• **WORK REQUIRED**
Given the records underneath, please repeat exactly the lines from the line with "Draw the major product of this reaction." through the line with "Select to Draw", passing over any picture.

• **DATA TO PROCESS**
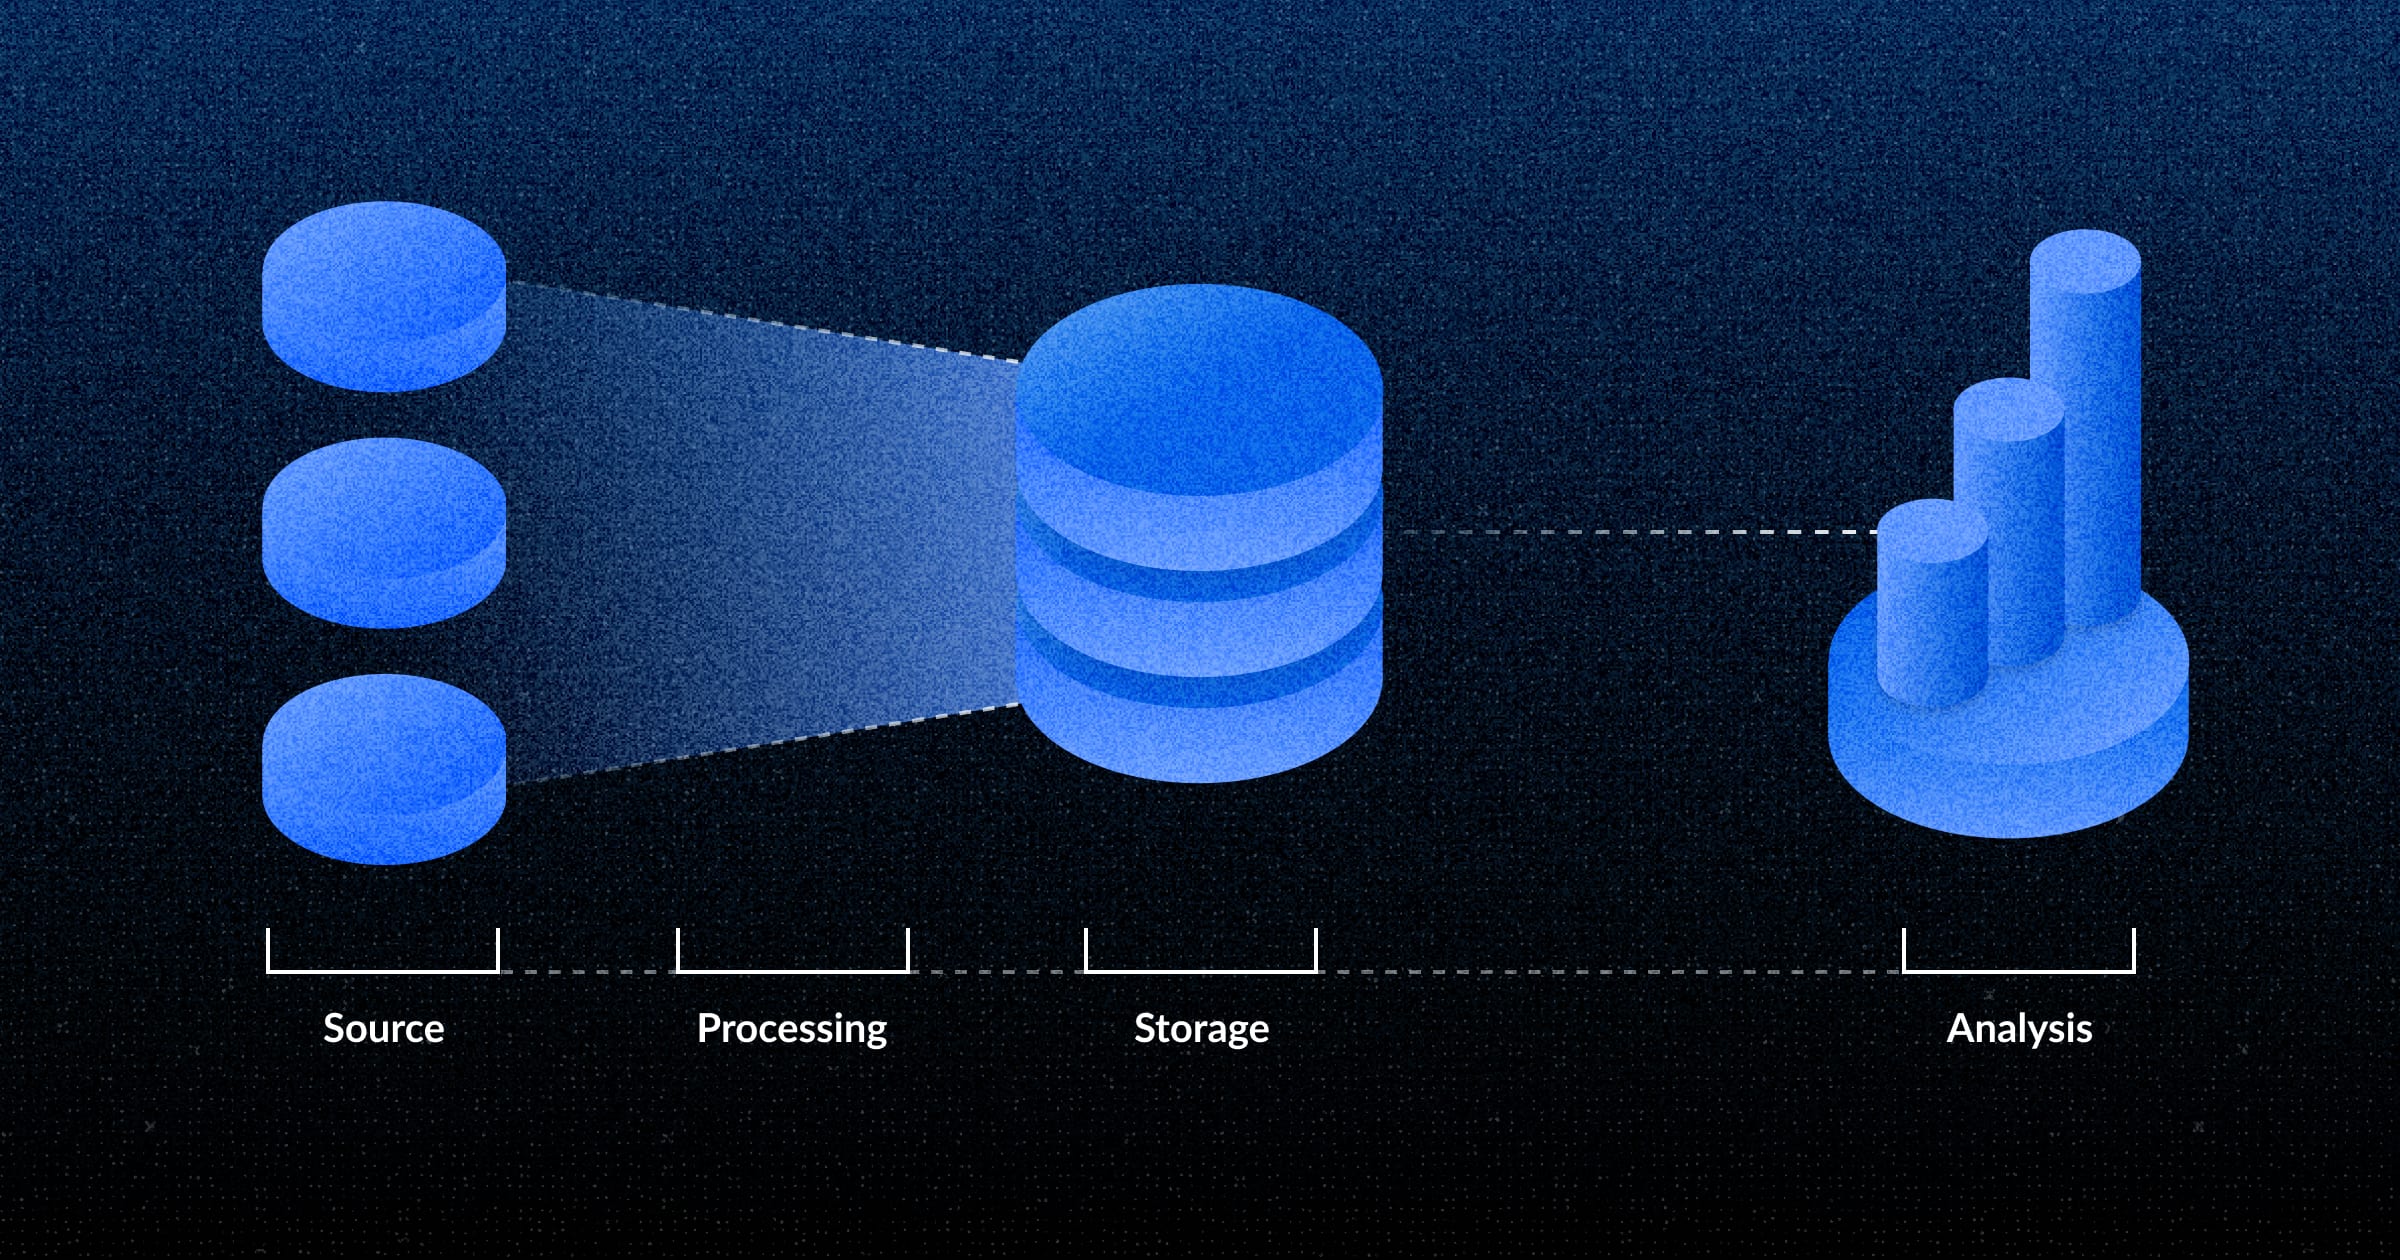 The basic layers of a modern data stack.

==

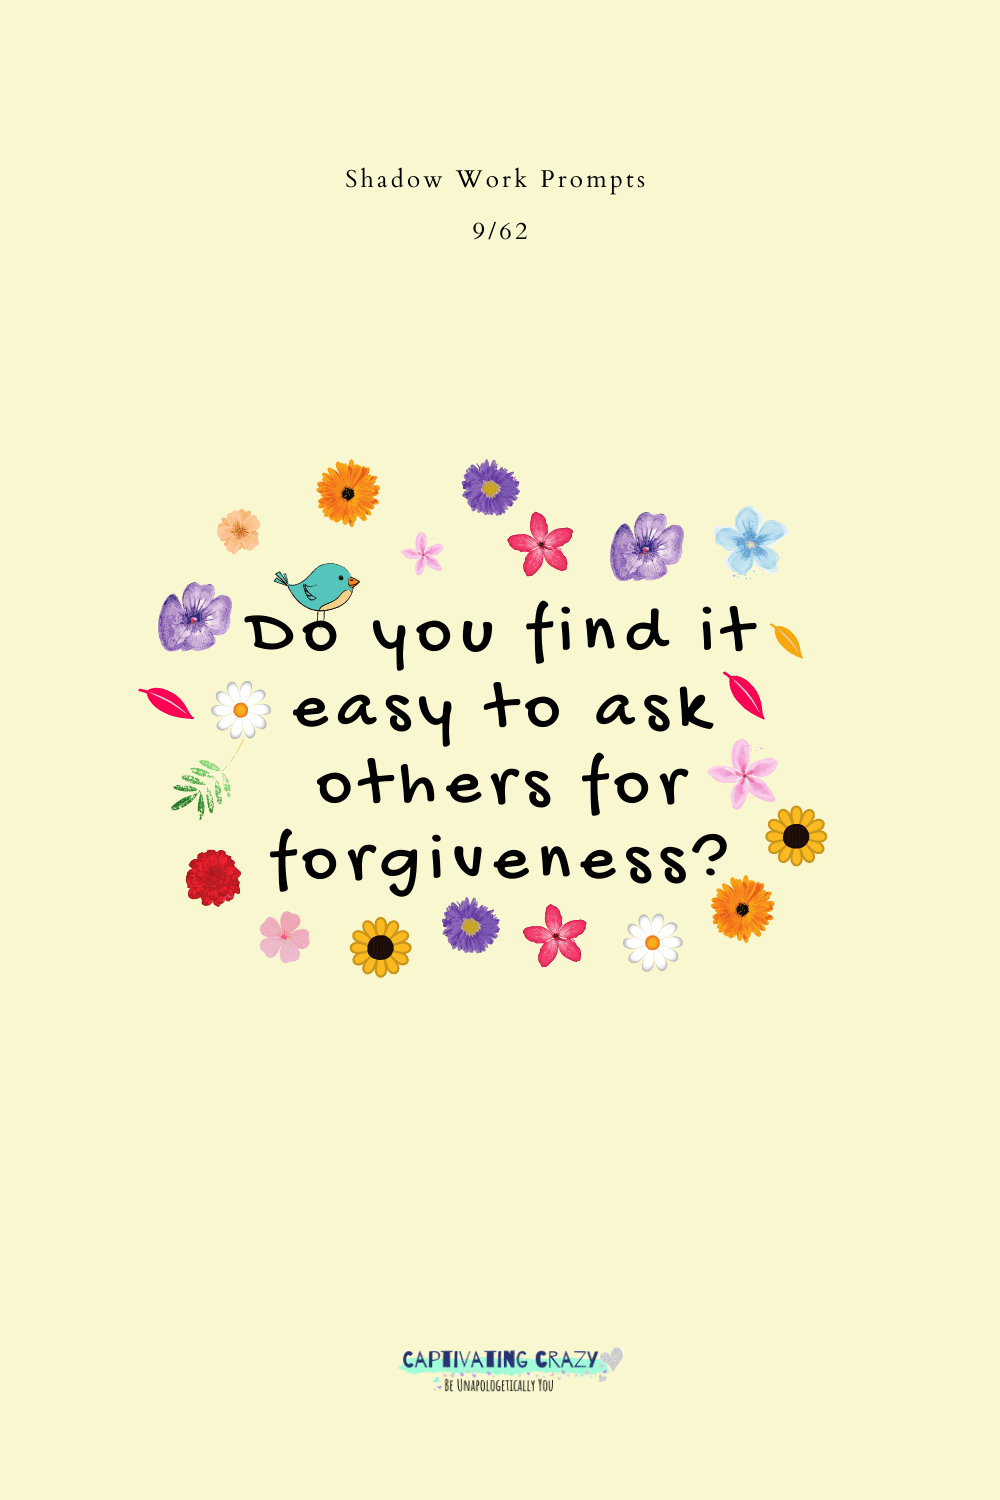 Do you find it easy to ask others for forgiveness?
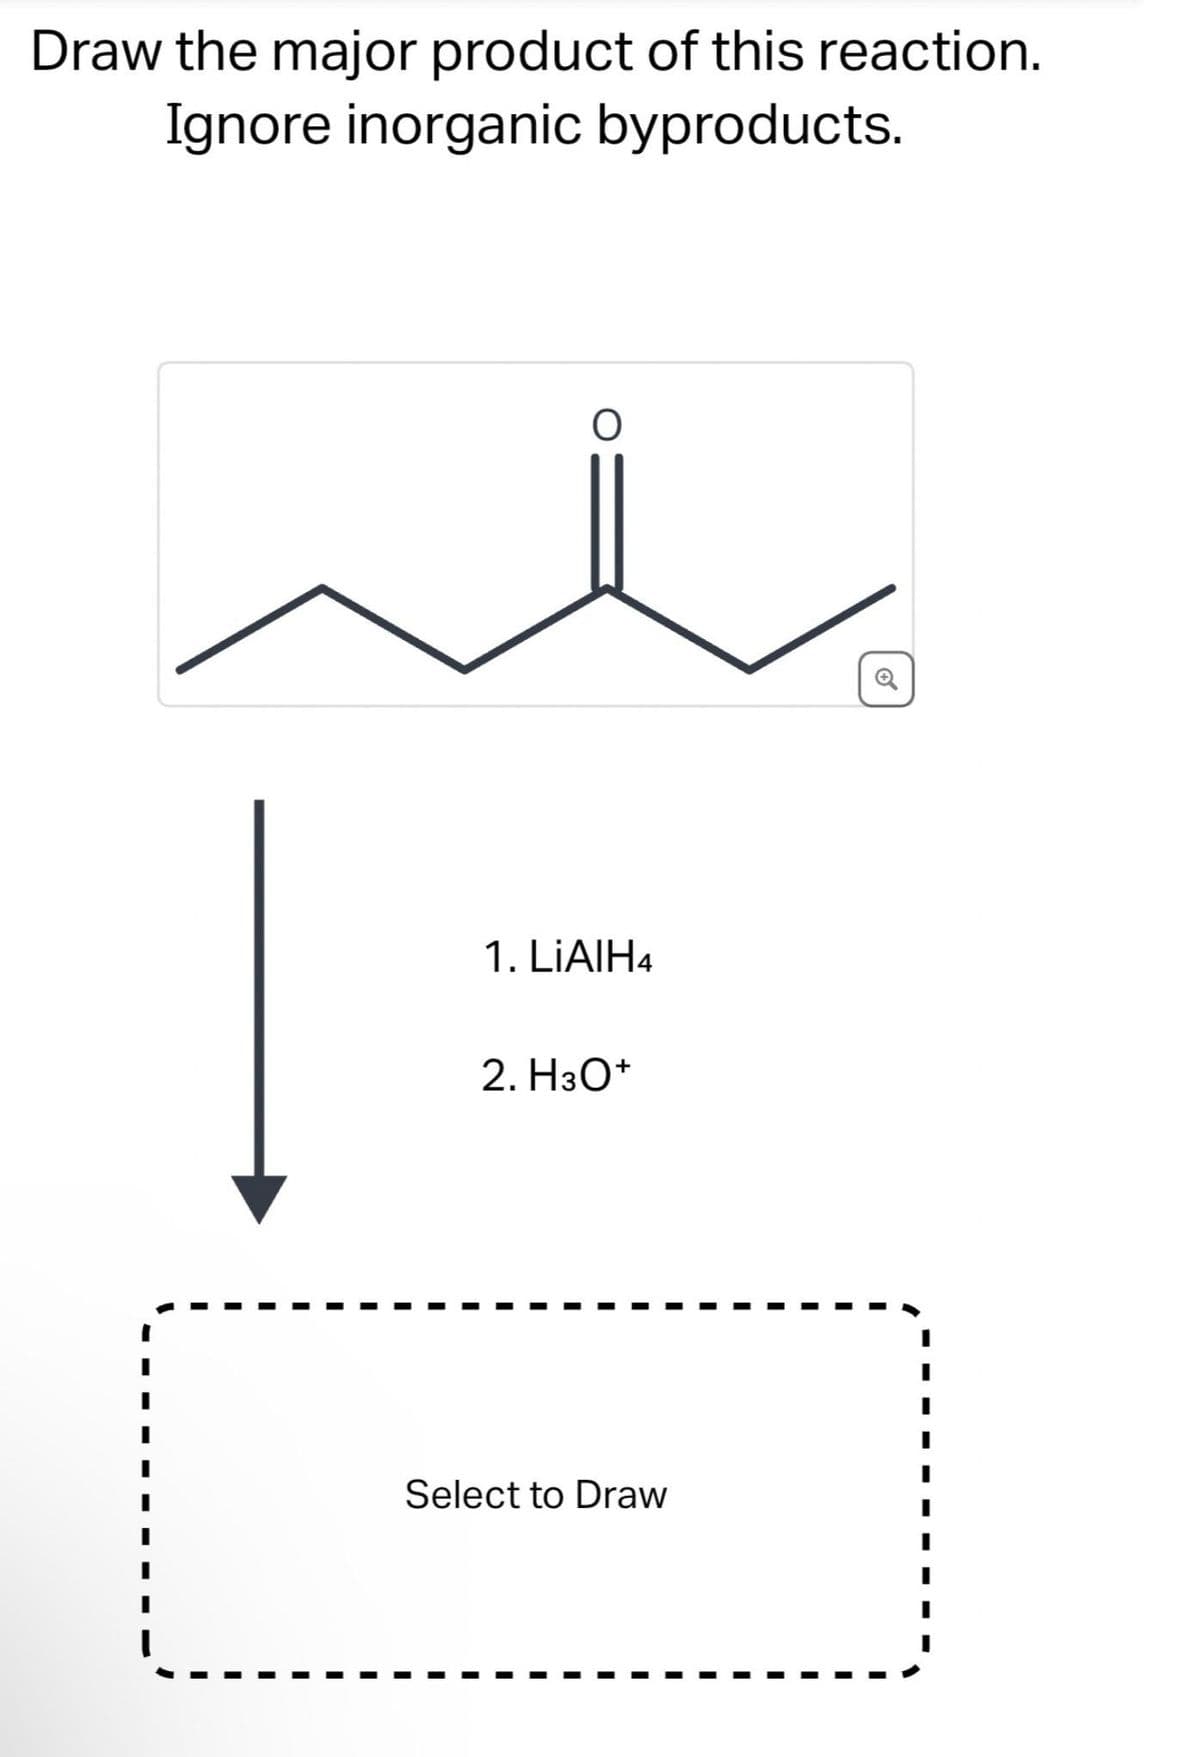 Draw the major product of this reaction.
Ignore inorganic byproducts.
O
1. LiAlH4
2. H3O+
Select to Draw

• **RESULT OF THIS EXERCISE**
 Draw the major product of this reaction.
Ignore inorganic byproducts.
O
1. LiAlH4
2. H3O+
Select to Draw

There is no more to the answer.